I see the RutaStream checkAnchor code "splitting" a RutaBasic annotation into
two.  It carefully first removes the original from the index, changes its "end",
and creates a new annotation, and adds both of these back to the index.

It does this while the stream has iterator(s), e.g. the currentIt field. 

Normally, this is not allowed (updating an index while iterating over it), but
UIMA v2 made an exception: this was allowed if the first operation on the
iterator was a moveTo first/last/some-specific-FS.  These moveTo operations
"reset" the iterator state to a known position, using the then-current values of
the indexes.

In version 3, we added a copy-on-write style for iterators, that changed this (I
need to fix that) to avoid throwing ConcurrentModificationExceptions.  This
needs to be altered so that iterators that do the special moveTo operations that
formerly "reset" the state, acquire the new current state of the index, if a
copy-on-write had occurred, so they can "see" the changed index.

Before I embark on this fix, I'd feel better if I could get some confirmation
that Ruta is operating in this manner (at least for this test case) (i.e.,

1) adding Annotations to indexes
2) getting iterator(s) over those in RutaStream
3) removing and adding Annotations to the indexes while holding on to these
iterators
4) avoiding any ConcurrentModificationExceptions by always doing one of the 3
repositioning iterator operations: moveTo First/Last/a-Feature_structure, before
doing any other operation on the iterator.

Thanks. -Marshall


Re: Question on some internals of Ruta engine operation

Posted by Marshall Schor <ms...@schor.com>.
ruta-core-ext tests ran without error.

The other ruta projects are eclipse plugins, and some maven things.

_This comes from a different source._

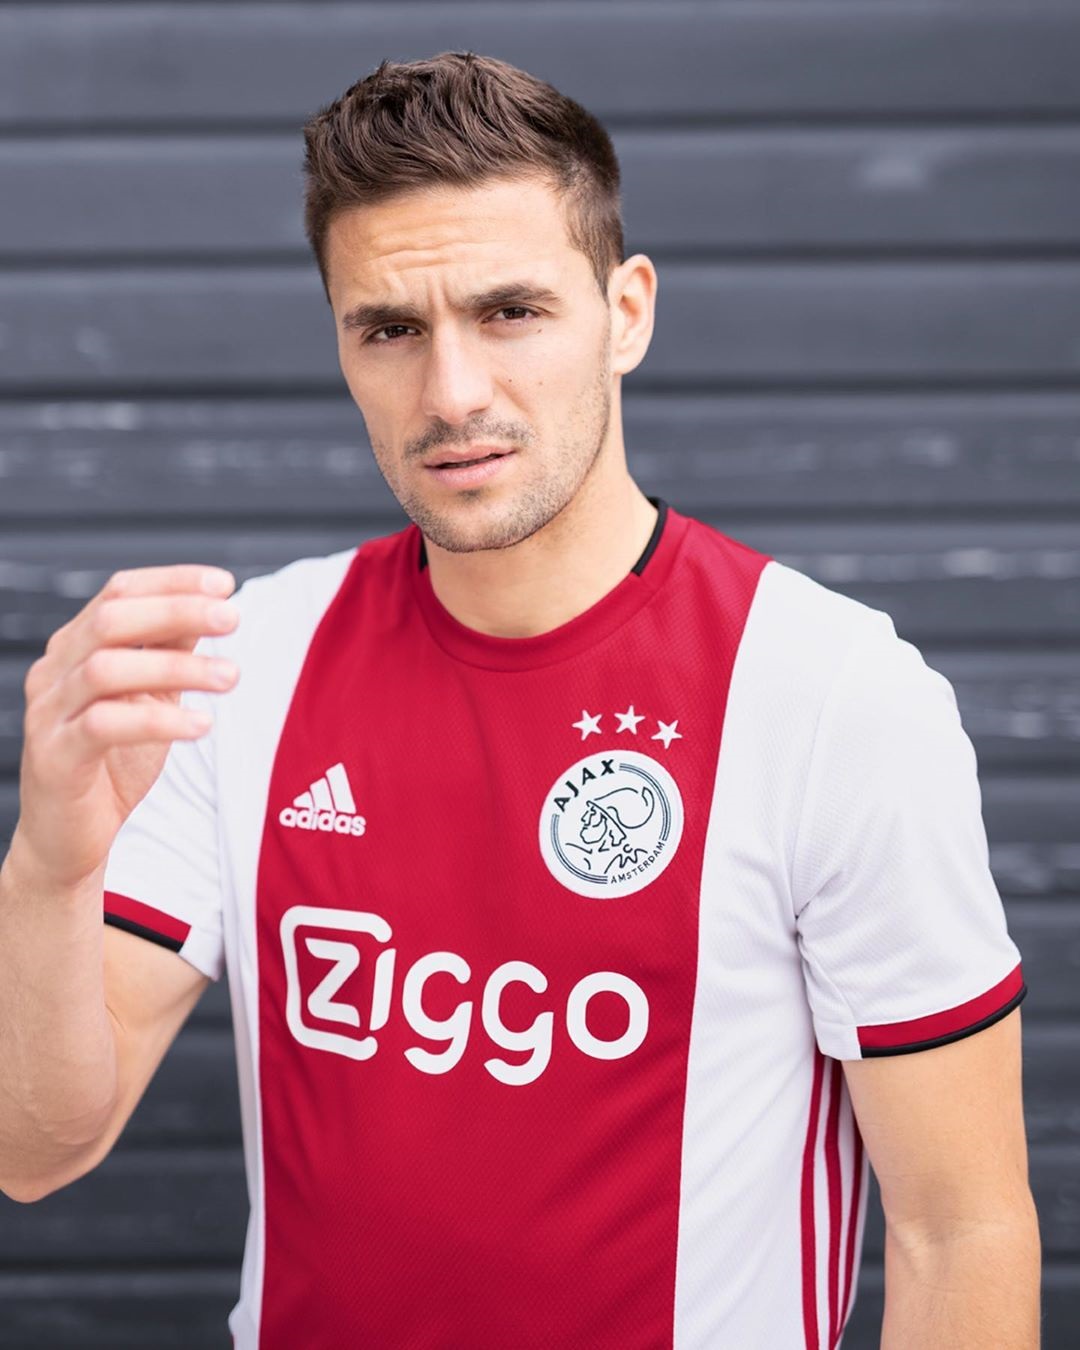 AFC Ajax adidas Home Kit 2019 2020 Tadic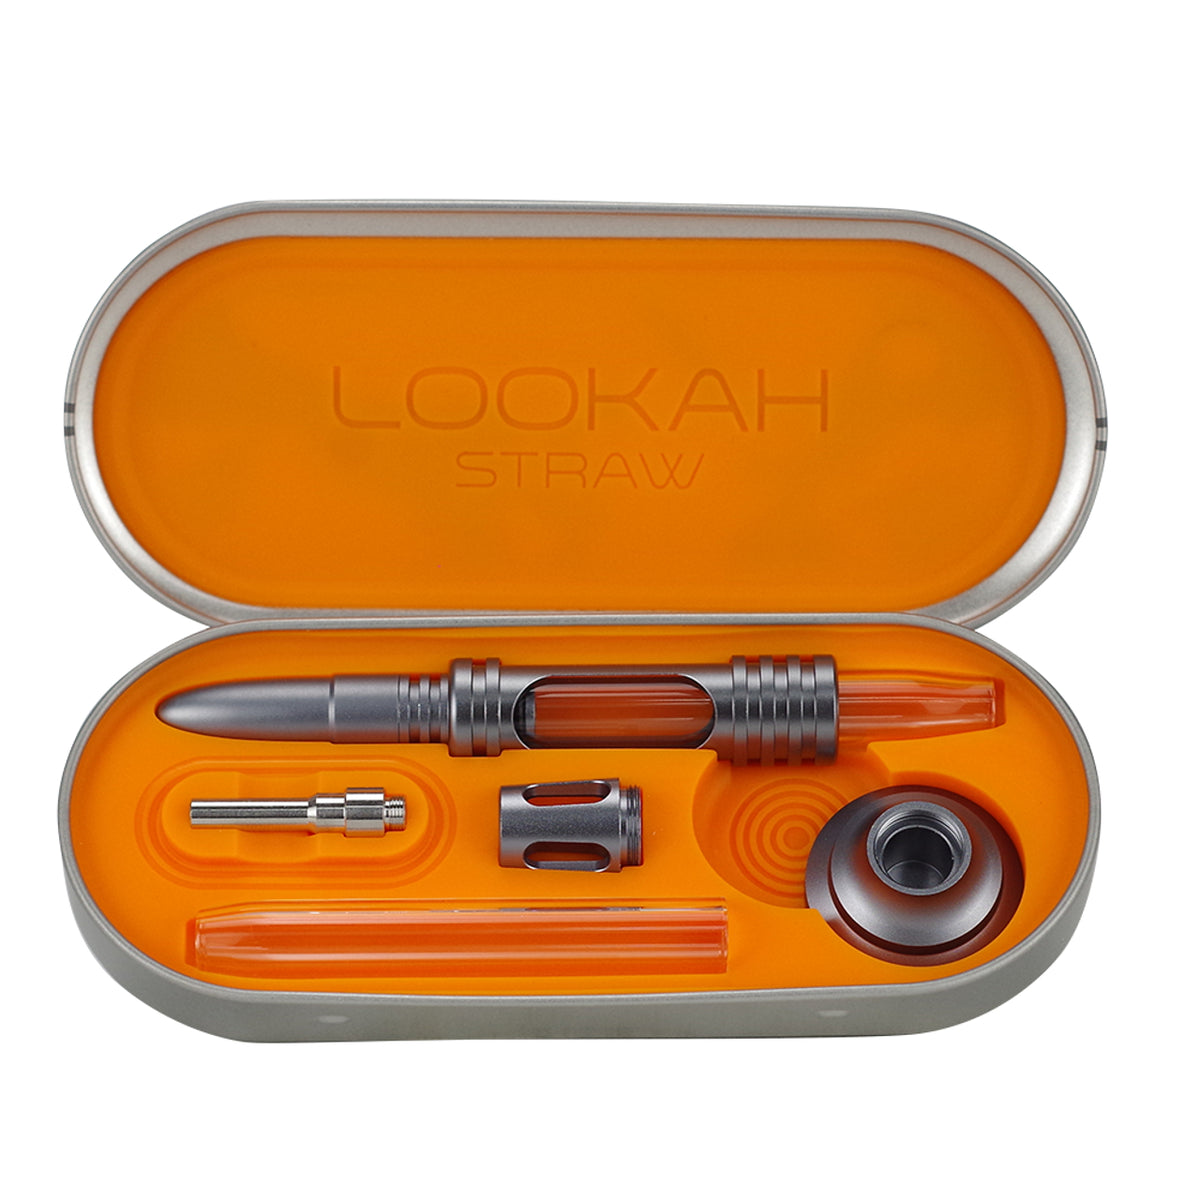 Lookah Portable Dab Straw Kit - Supply Natural

Now going to work on reviewing and checking into svn the changes...

-M


On 1/10/2017 4:41 PM, Marshall Schor wrote:
> hi, just a progress report.
>
> Running Ruta (actually, only the ruta-core test cases) with UIMA v3 exposed some
> bugs in UIMA v3, undetected due to lack of test case coverage for many varieties
> of inserts/removes into sorted indexes, and manyvarieties of subiterator use. 
> So testing with Ruta was a valuable exercise!
>
> The ruta-core tests now appear to work. :-)
>
> Now starting to look at other ruta projects (e.g. ruta-core-ext, etc.) that have
> tests.
>
> -Marshall
>
>
>


Re: Question on some internals of Ruta engine operation

Posted by Peter Klügl <pe...@averbis.com>.
:-D

Am 10.01.2017 um 22:41 schrieb Marshall Schor:
> hi, just a progress report.
>
> Running Ruta (actually, only the ruta-core test cases) with UIMA v3 exposed some
> bugs in UIMA v3, undetected due to lack of test case coverage for many varieties
> of inserts/removes into sorted indexes, and manyvarieties of subiterator use.
> So testing with Ruta was a valuable exercise!
>
> The ruta-core tests now appear to work. :-)
>
> Now starting to look at other ruta projects (e.g. ruta-core-ext, etc.) that have
> tests.
>
> -Marshall
>
>


Re: Question on some internals of Ruta engine operation

Posted by Marshall Schor <ms...@schor.com>.
hi, just a progress report.

Running Ruta (actually, only the ruta-core test cases) with UIMA v3 exposed some
bugs in UIMA v3, undetected due to lack of test case coverage for many varieties
of inserts/removes into sorted indexes, and manyvarieties of subiterator use. 
So testing with Ruta was a valuable exercise!

The ruta-core tests now appear to work. :-)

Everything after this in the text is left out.